А однажды дядя Витя выпивал с Масеем, тот в туалет отлучился, и дядя как-то перевязал дедову коню уздцы (не сильно разбираюсь в этом). Деду ехать-то до своих ворот метров сорок всего было. Но он по-молодецки вскочил на бричку, хлестнул коня (пофорсить перед дядей, видимо, хотелось), и помчался с гиканьем домой. Да вот только остановить коня, резко натянув поводья, не получилось – вместо этого конь дико заржал и унес деда Масея куда-то в самый конец улицы, в точку, вытрусив попутно дедов позвоночник по всем уличным кочкам и лужам…
Но и деду прилетало далеко не всегда. Как-то раз (и я вижу этот момент перед глазами, как будто это произошло вчера) дядька попросил у деда коня, ему куда-то верхом нужно было смотаться. Дед Масей, добрая душа, никогда не отказывал. Привел, пока дядя Витя у бабушки обедал, уже оседланного. Ну, естественно, выпили они по стакану бабушкиного самогона, закусили, попрощались – дядька уезжал до вечера. Дядя Витя вставил ногу в стремя, с кряканьем вскочил на коня, и когда уже переносил ногу через круп, зачем-то (дамы, пардон; гусары, не смеяться) громогласно пустил газы. Гахнул, так сказать. И сделал это так густо и гулко, что бедный конь от испуга встал на дыбы (дядя, естественно, усесться на него не успел – ну не был он готов к такому развитию событий) и с тревожным ржанием помчался по улице. Ногу дядя из стремени высвободил не сразу, отбив себе и спину, и затылок, и даже измерив глубину пары застоялых луж. Дед Масей выбежал на середину улицы и сопроводил дяди Витину вольтижировку восторженным свистом.
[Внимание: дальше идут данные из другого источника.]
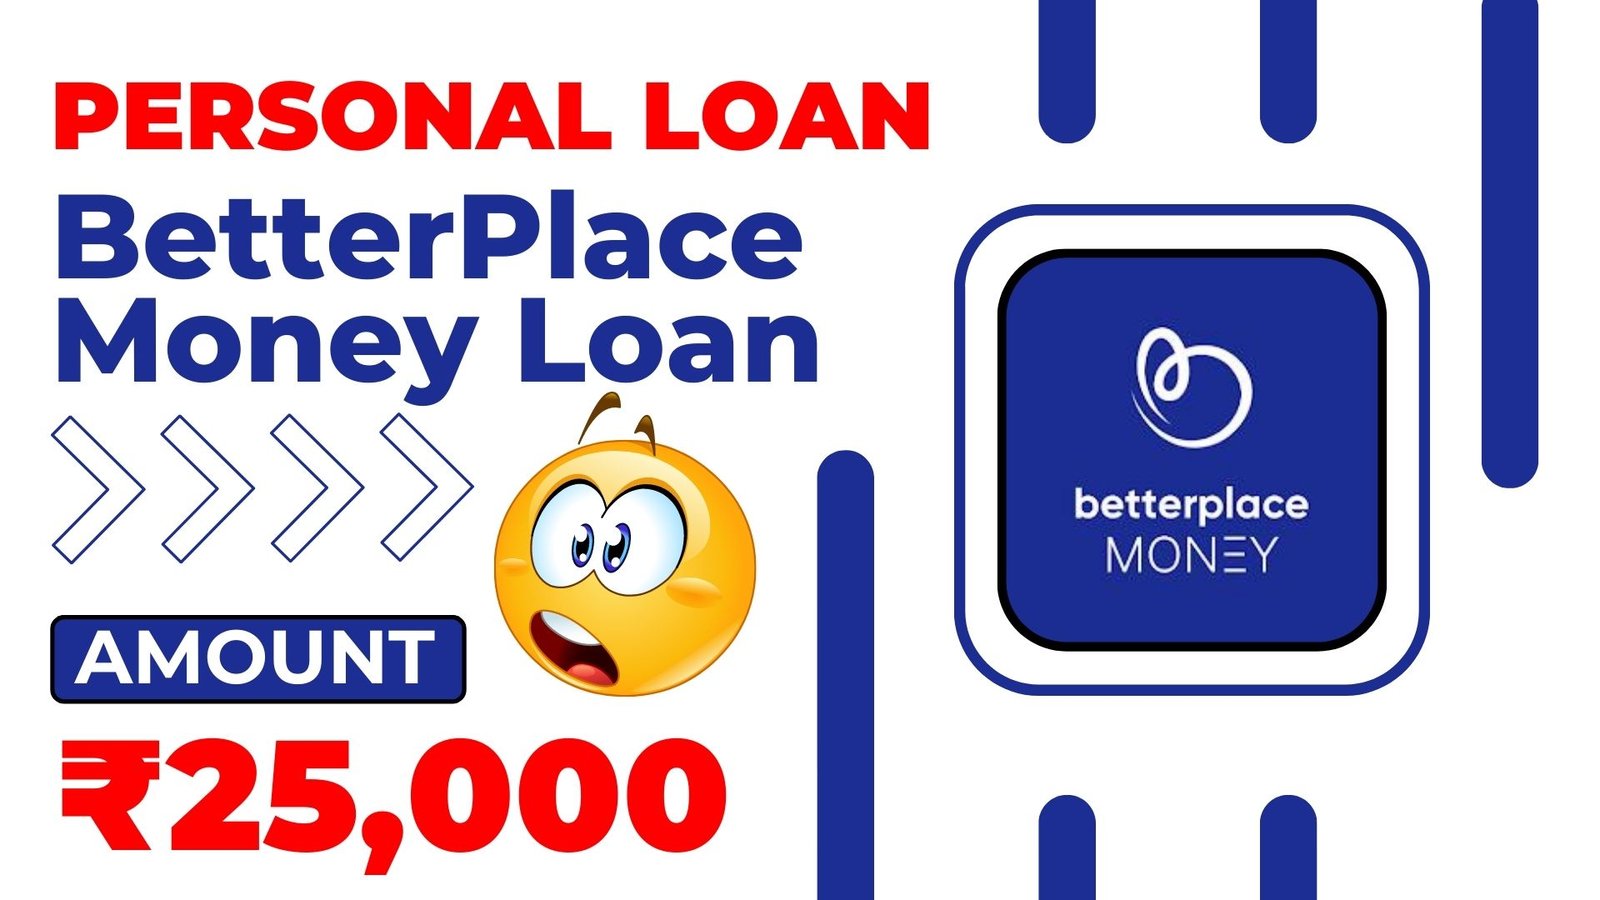 BetterPlace Money Loan App Loan Amount

Этот эпизод стороны впоследствии, кстати, трактовали по-разному. Дядя Витя доказывал, что конь понес потому, что был загодя приучен к подлому свистку деда Масея. Дед же, напротив, утверждал, что свистел вслед, и его свист означал призыв коня к умеренности в процессе выбивания из дяди Витиного грузного тела его природной дури. Обе стороны приглашали меня (а было мне лет десять, наверное) в свидетели, совали леденцы и пряники – но я предпочитал отмалчиваться, хотя точно видел, как именно дядя Витя напугал коня, и чем.